La crise asiatique et ses impacts : le cas du Malaysia

Par H. Aysegul KARSLI

«Non aux solutions conditionnelles de FMI! Non à sa politique économique orthodoxe !» [1]

C’est ainsi s’est opposé la Malaysia aux prescriptions économiques du Fonds monétaire international au lendemain de la crise asiatique de 1997. Alors que ses voisins (tous aussi victimes de la tourmente financière) n’ont pas hésité à adopter une politique de réduction des déficits publics et de hausse des taux d’intérêt afin de recevoir les aides monétaires importantes du FMI, la Malaysia privilégia une politique budgétaire expansionniste ! Le gouvernement adopta une stratégie d’isolement monétaire les effets de la restructuration se firent sentir dès 1999 avec la revalorisation du marché boursier.

La composition ethnique très variée de la Malaysia a toujours été une menace potentielle à l’harmonie sociale. La prépondérance des Chinois dans le domaine du commerce et dans les secteurs économiques et industriels a suscité du mécontentement chez les Malais et créant occasionnellement des crises économiques et politiques. Pour réduire les écarts entre ces communautés, la « New Economic Policy » privilégia les investissements malais. Le remplacement du NEP par la « New Development Policy » modéra l’orientation «promalaise » de l’ancienne politique. À l’époque, les investissements étrangers étaient négligés, mais avec la NDP l’appel aux investissements étrangers est devenu la stratégie centrale [2].

Ce libéralisme tempéré porta fruits : l’économie s’est diversifiée, le niveau de vie s’est amélioré. Grâce à un commerce d’exportation dynamique vers les États-Unis, l’Union européenne, le Japon et le Singapour, les Malais possédaient donc une économie saine et solide.

Toutefois, le pays n’était pas immunisé contre les crises. Quand le krach, qui a débuté en Thaïlande, à affecté les aux autres devises asiatiques, la dépréciation subite du ringgit a mené à une chute dramatique des cours de la bourse malaise. En quelques mois, l’endettement interne atteint 120% du PIB [3]. Ce choc a eu des incidences sociales : le chômage a augmenté de façon exponentielle, les travailleurs migrants des pays voisins ont été forcés de retourner chez eux et il y a eu un retour massif au milieu rural. L’échec de l’État face à la crise asiatique a donné naissance à plusieurs ONG et à l’expansion de la société civile. La crise a aussi fragilisé le consensus politique et social a motivé l’émergence des partis islamistes qui, depuis 1999, réclament l`instauration d’un régime islamiste [4].

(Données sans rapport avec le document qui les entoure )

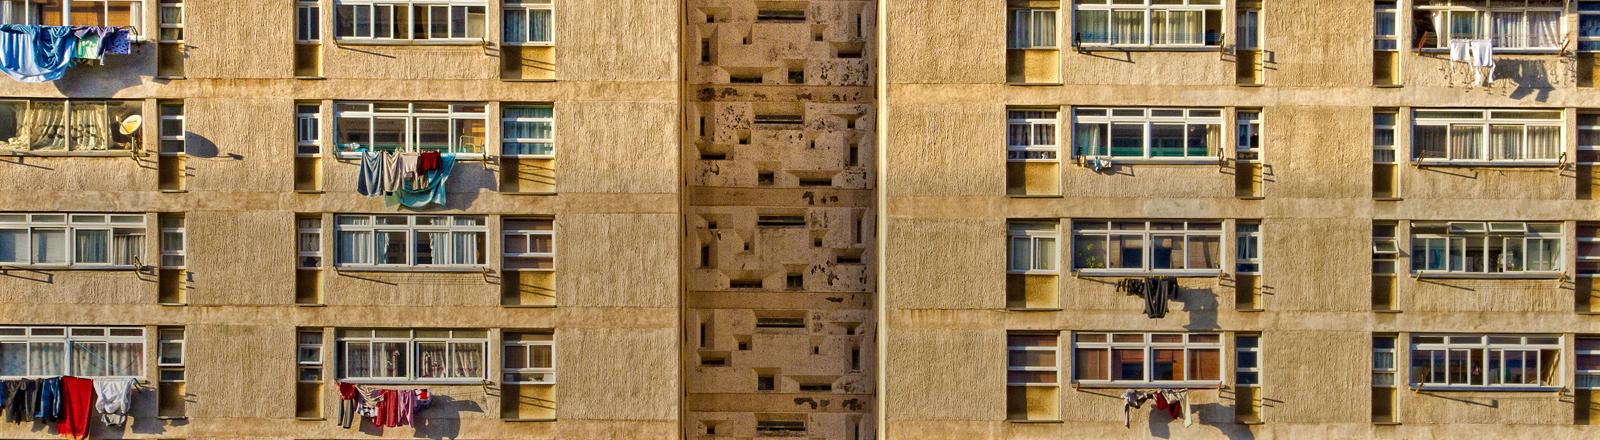 Ein Hochhaus mit vielen Balkons.
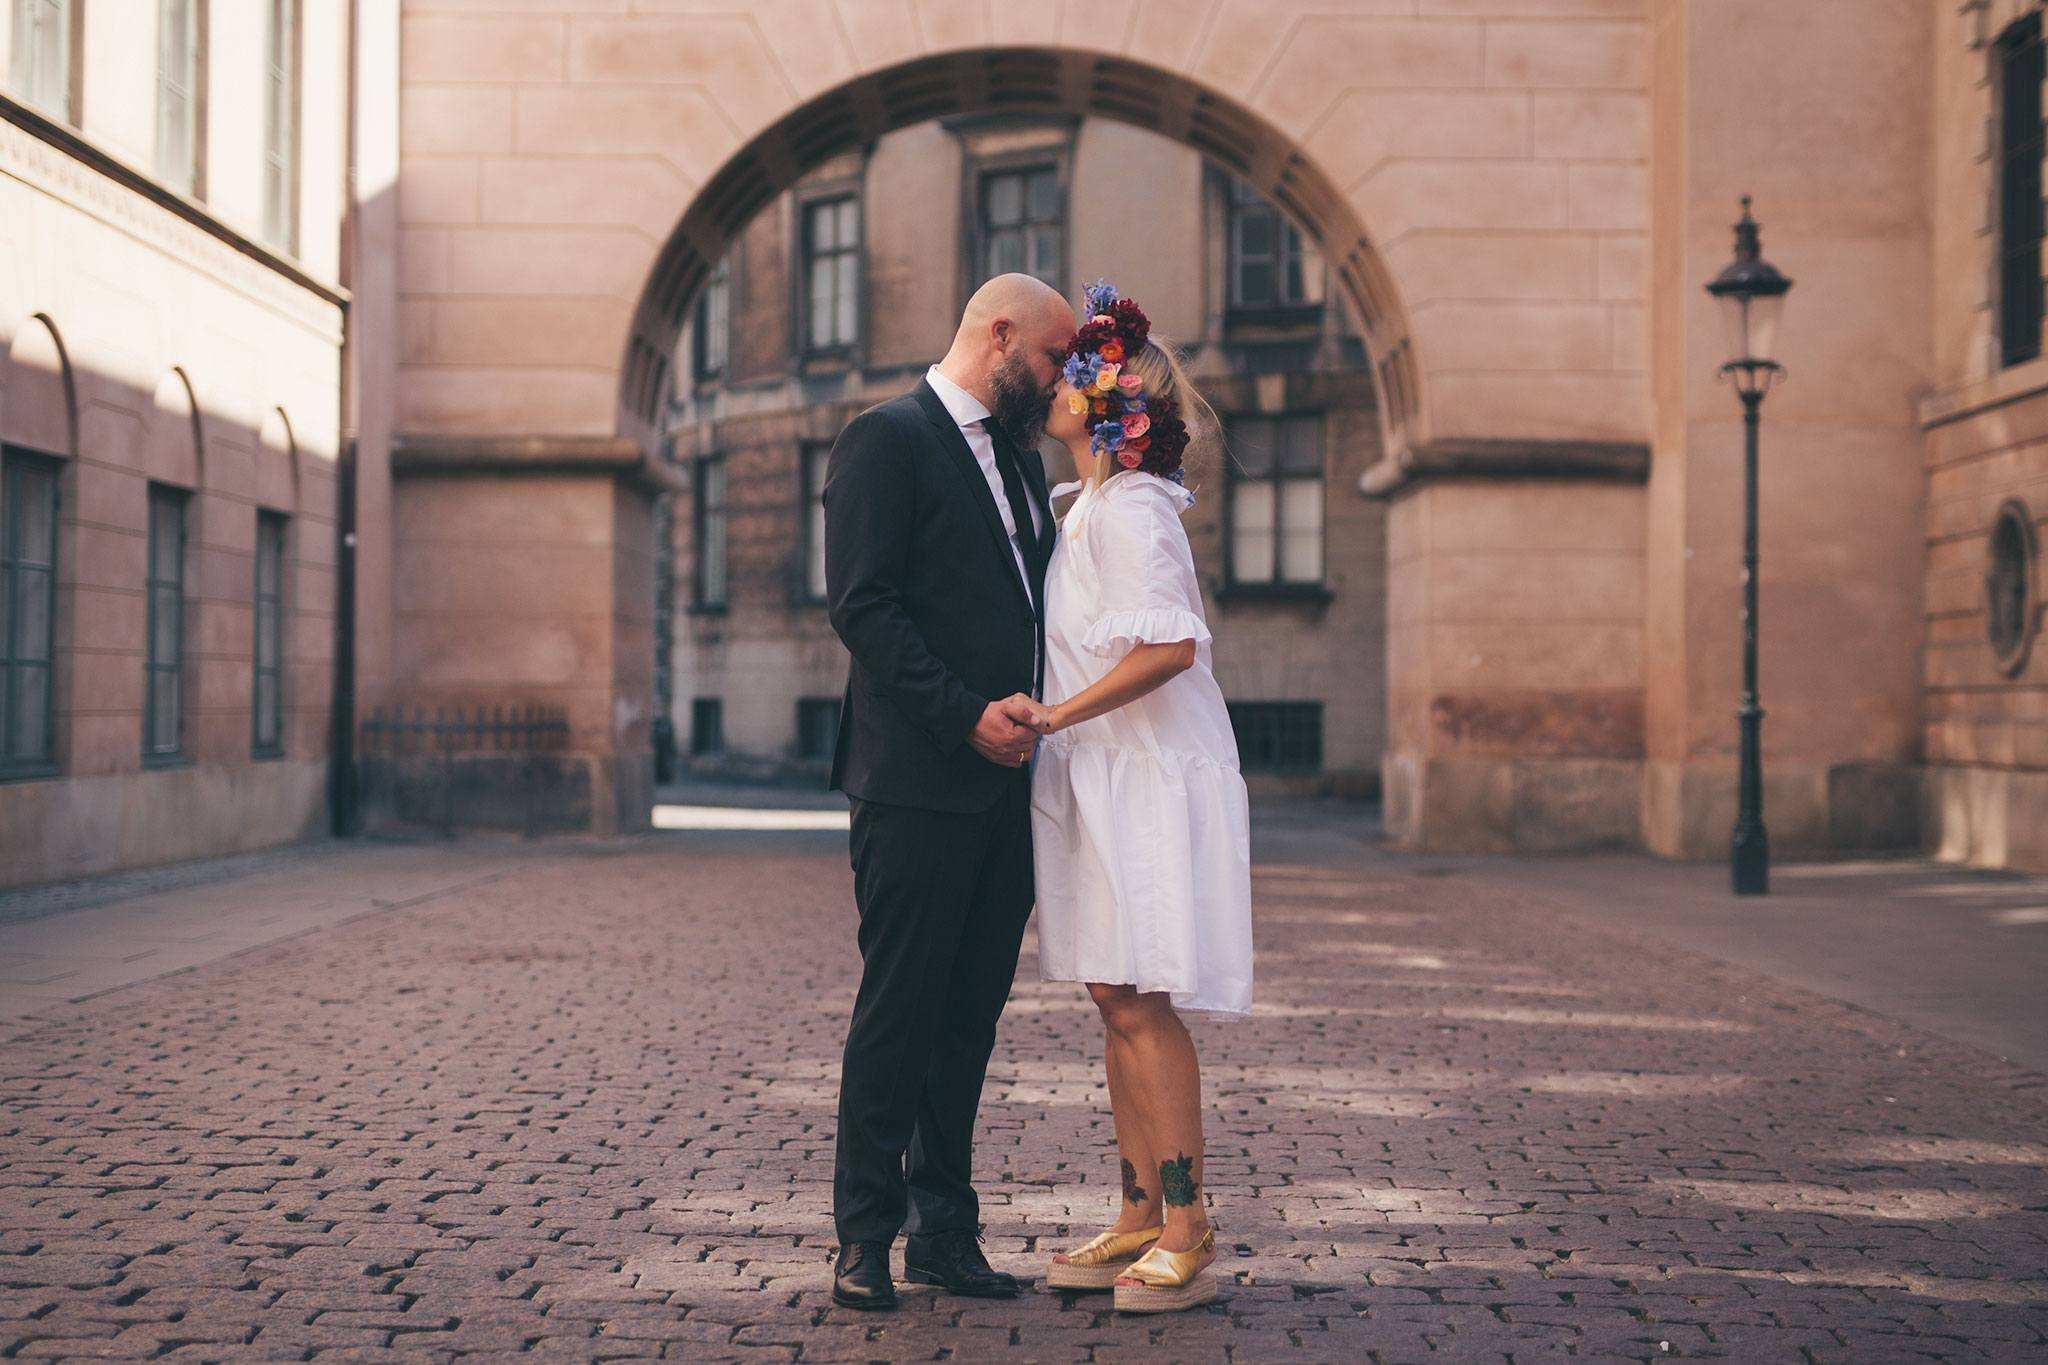 mads_eneqvist_weddings_by_me_bryllupsbilleder_forside_3_compressed Forside

Comme les autres pays asiatiques, la Malaysia a constaté que la croissance économique basée sur les investissements étrangers peut avoir des effets pervers. Comme que la prospérité économique est garante d’unité politique, le gouvernement a intérêt à soutenir son développement, notamment par des politiques institutionnelles de gestion et en favorisant des industries locales naissantes. Peut-être que des investissements plus solides dans le domaine technologique, en ressources humaines et en industrie auraient évité le démembrement des politiques économiques en 97, cela aurait aussi réduit la dépendance actuelle aux marchés occidentaux. À l’heure actuelle, la reprise de l’économie malaisienne se fait grâce aux exportations et aux investissements directs étrangers; les facteurs permettant le rattrapage économique représentent aussi des éléments de fragilité.

Ressources multimédia

Discours du président de la Asian Bank of Development, Haruhiko Kuroda. 1 2 3

Références

[1] Yves Gounin et Sébastien Vivier-Lirimont, La crise asiatique (Paris : presses universitaires de France, 1999)

[2] Éric Bouteiller et Michel Fouquin, Le développement économique de l’Asie orientale (Paris : Éditions La découverte, 2001)

[3] Jacques Mauduy, Asie de l’Est : émergence, convergence, concurrence? (Paris : Éditions Ellipses, 2005)

[4] Jean-Luc Domenach, L’Asie en danger, (Paris : Librairie Arthème Fayard, 1998)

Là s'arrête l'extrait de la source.